TASK TO COMPLETE:
Take the material below and reproduce, word for word, only the lines from the line with "Pink Gioia Rose Carpet ring by Sicis" through the line with "A person holding".

DATASET RECORDS:
<<<<

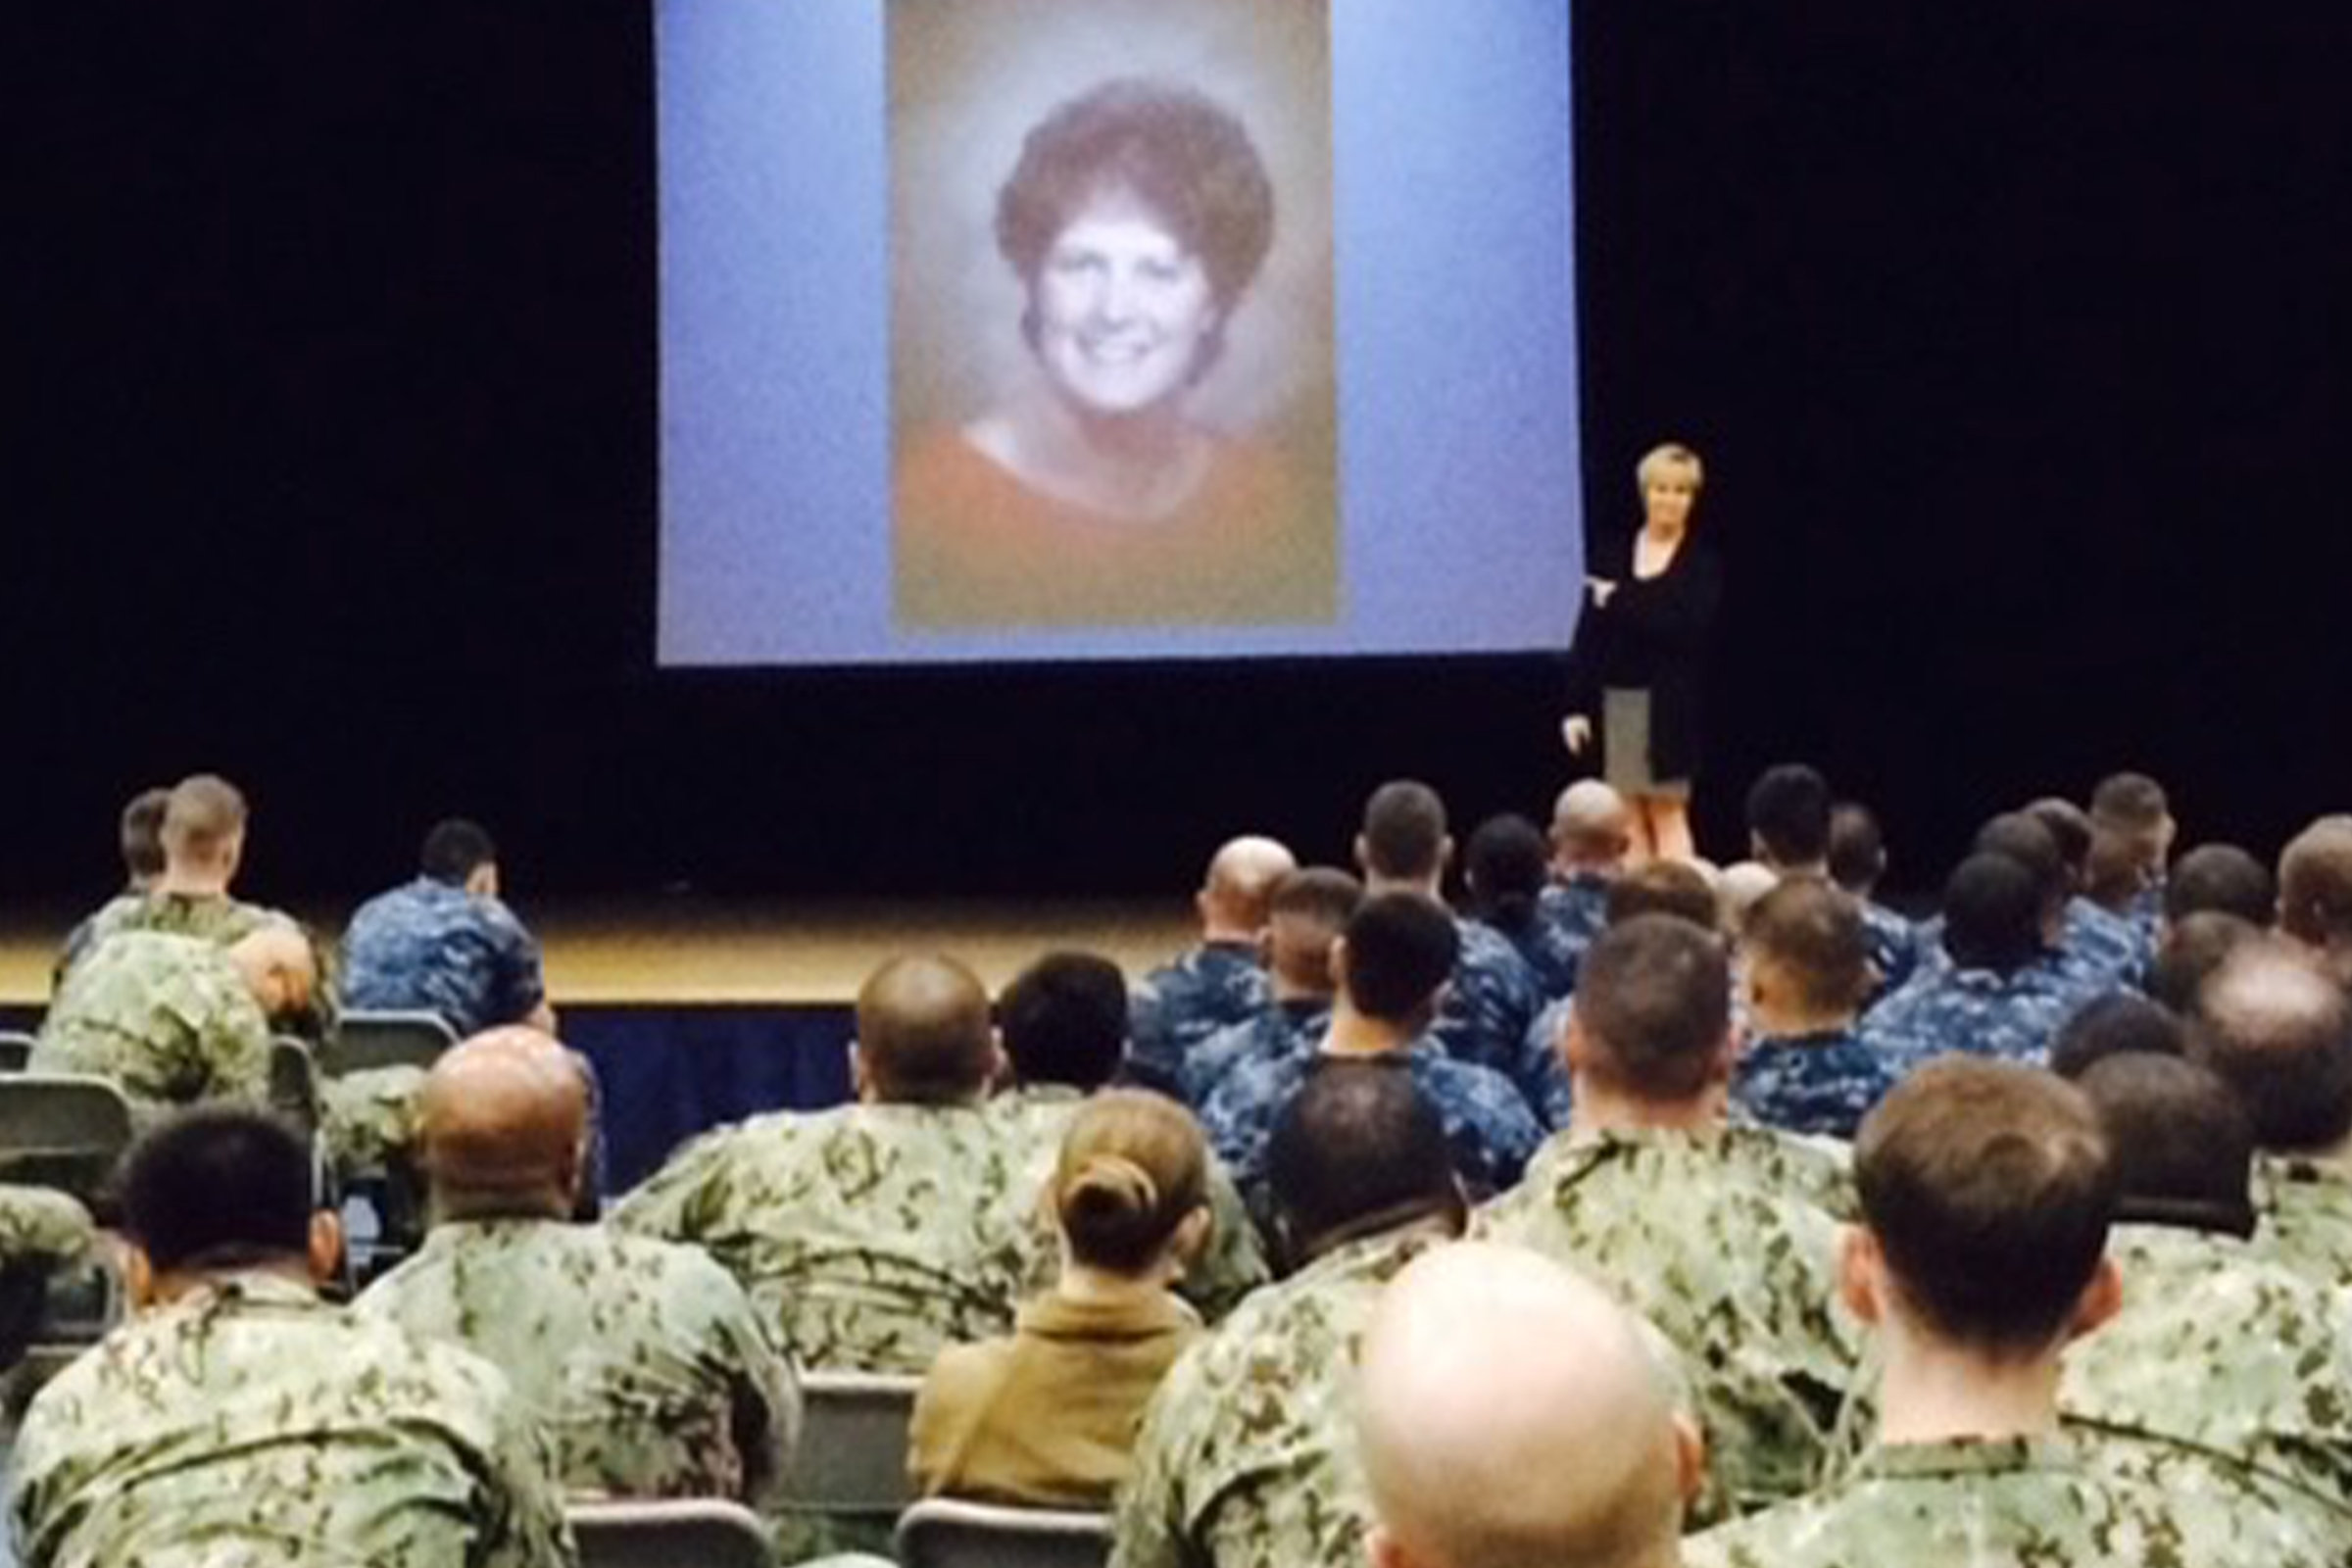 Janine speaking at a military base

>>>>
<<<<

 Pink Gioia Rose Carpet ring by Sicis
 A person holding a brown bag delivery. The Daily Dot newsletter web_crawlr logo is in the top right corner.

>>>>

EXERCISE OUTPUT:
 Pink Gioia Rose Carpet ring by Sicis
 A person holding a brown bag delivery. The Daily Dot newsletter web_crawlr logo is in the top right corner.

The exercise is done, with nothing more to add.